Coisa chavão é dizer que a gente conhece as pessoas na hora da dor. Da dificuldade. Escutamos isso toda hora por aí. Mas só vivenciando comprovamos essa teoria.
No início de dezembro conheci uma menina. Mulher na real. Mania minha de chamar de menina. Linda demais, formamos o típico casal “A princesa e o ogro” sabem? Moça bonita e cara feio. Mas desde o início, tratamos como um belo romance de verão. E foi. Passamos natal juntos, bebemos muita champanhe nos findis, curtimos Santa catarina juntos. Muito bom. Com prazo de validade. Mas nem por isso, menos honesto e bacana, Romance “fogueira-de-graveto” : Quente, vistoso e rápido. No final de fevereiro, cumprido seu papel, o romance se auto-extinguiu. Como deveria ser, sem traumas, sem choros. Tudo na boa.

Amigos.

Para minha surpresa, essa moça se interessou muito por mim e pela situação do meu pai, mesmo não tendo mais nenhum interesse romântico na história. Nenhum mesmo. ( a gente sabe quando as pessoas ficam na volta por outras razões, certo?) E isso de alguma maneira, pela forma como ela se interessou me comoveu muito.
Me marcou. Bom isso. Realmente é muito triste essa história de que “Se você não trepa mais comigo, não é importante pra mim!”
Enfim, um ser humano desinteressado. Não era minha parente, nem amigo próximo, nem fazia parte do meu círculo. Apenas alguém gentil e bacana, sem motivo algum pra ser. Raridade hoje em dia. Isso ainda foi mais notado porque lembrei de gente que talvez devesse estar do meu lado e não estava. Coisas da vida. Tristes, mas da vida.
Essa noite mudou algumas coisas pra mim. Amanheci liberto de muitas das minhas vergonhas, muitas sensações ruins sobre atitudes minhas ficaram pra trás. Pra quem eu devia, tudo foi pago naquela noite. A indiferença e o vazio dessas pessoas me absolveram. Amanheci melhor do que dormi. E acho que aprendi de vez por todas que ninguém é melhor que a gente. Tudo são circunstâncias. E infelizmente as pessoas, e ai me incluo nas minhas imperfeições, agem de acordo com o que lhes interessa. Simples e frio. Mas verdadeira constatação.

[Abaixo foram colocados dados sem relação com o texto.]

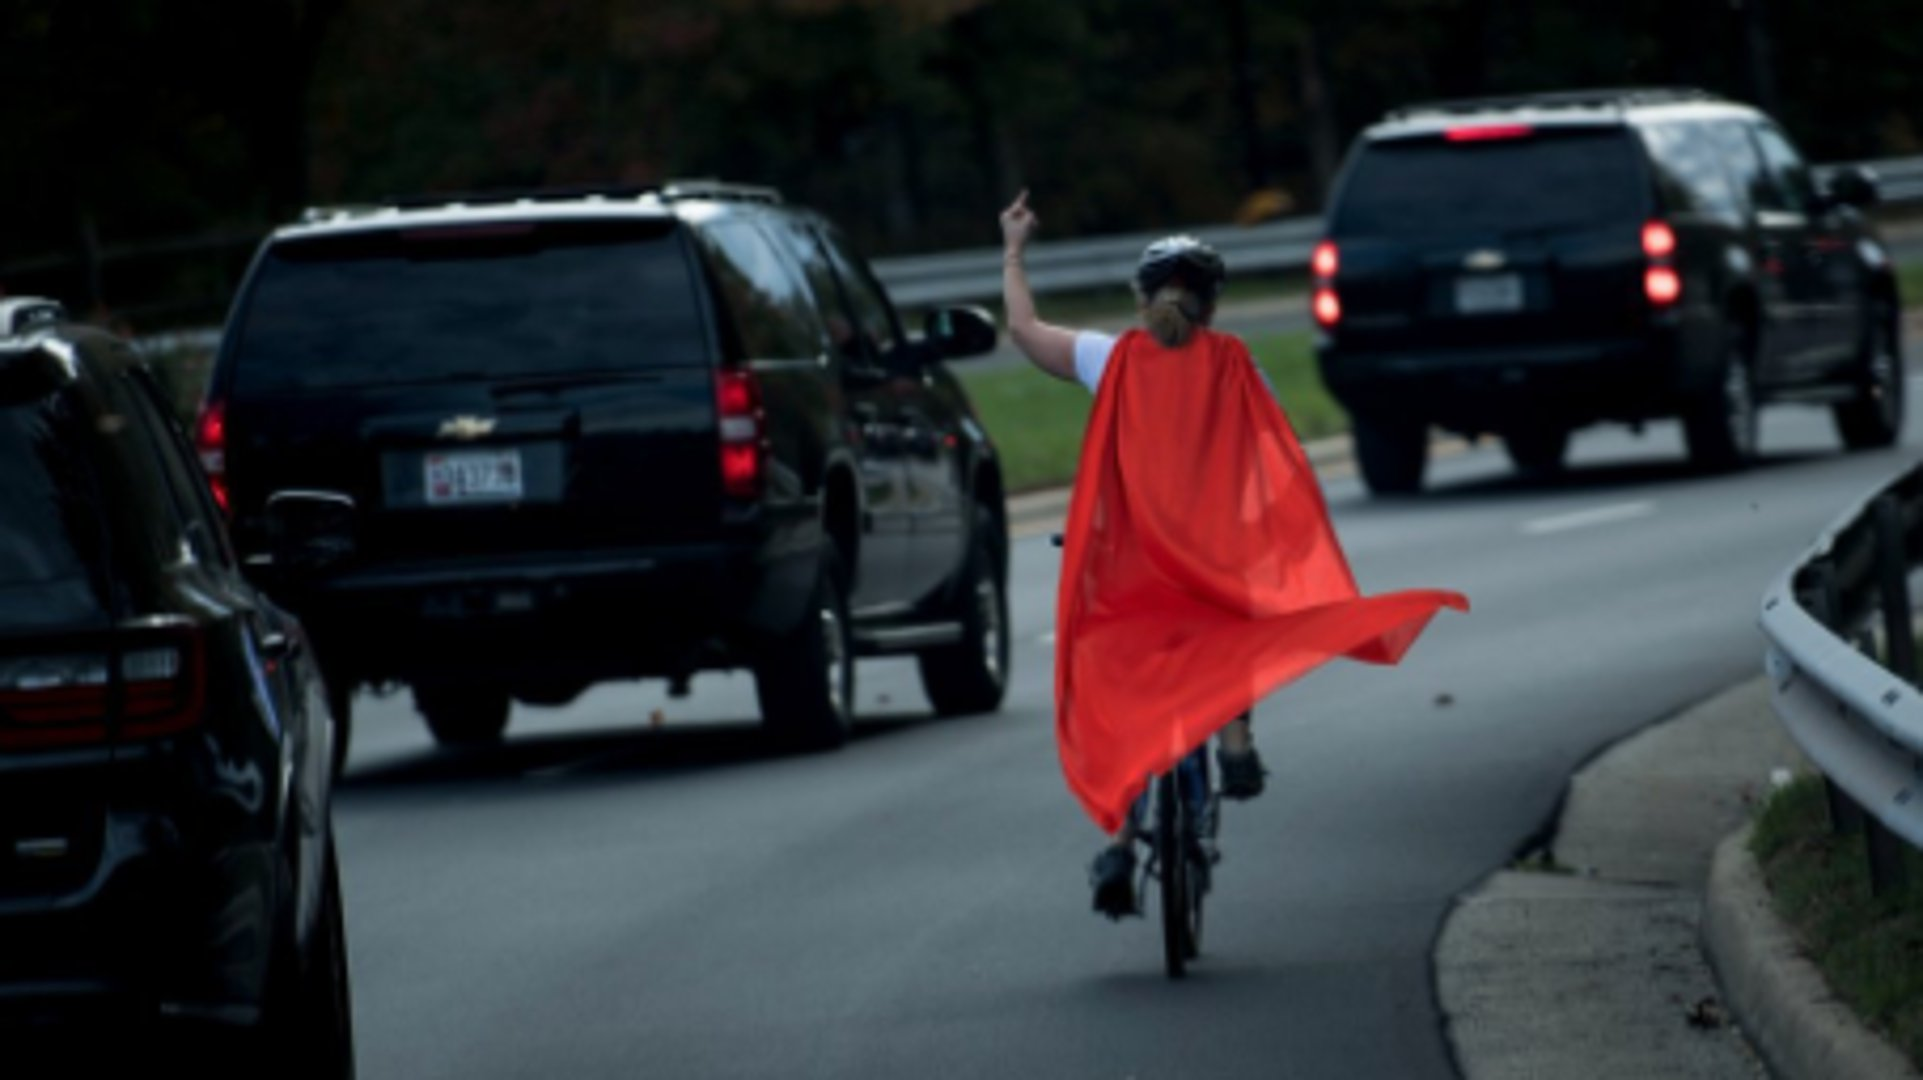 Netz-Hype um Frau, die Trump den Mittelfinger zeigte

Escrevo então em homenagem ao estranho que me estende a mão. Ao moço que ajuda a senhora na rua. Ao motorista que nos dá a vez. Enfim, a gentileza que ainda reside nas pessoas e que nós precisamos exaltar porque é o que mantém a esperança de que um dia, todos nós, seremos melhores do que somos.

Aproveitem sua estada. É curta.

Jacques, outono, 09.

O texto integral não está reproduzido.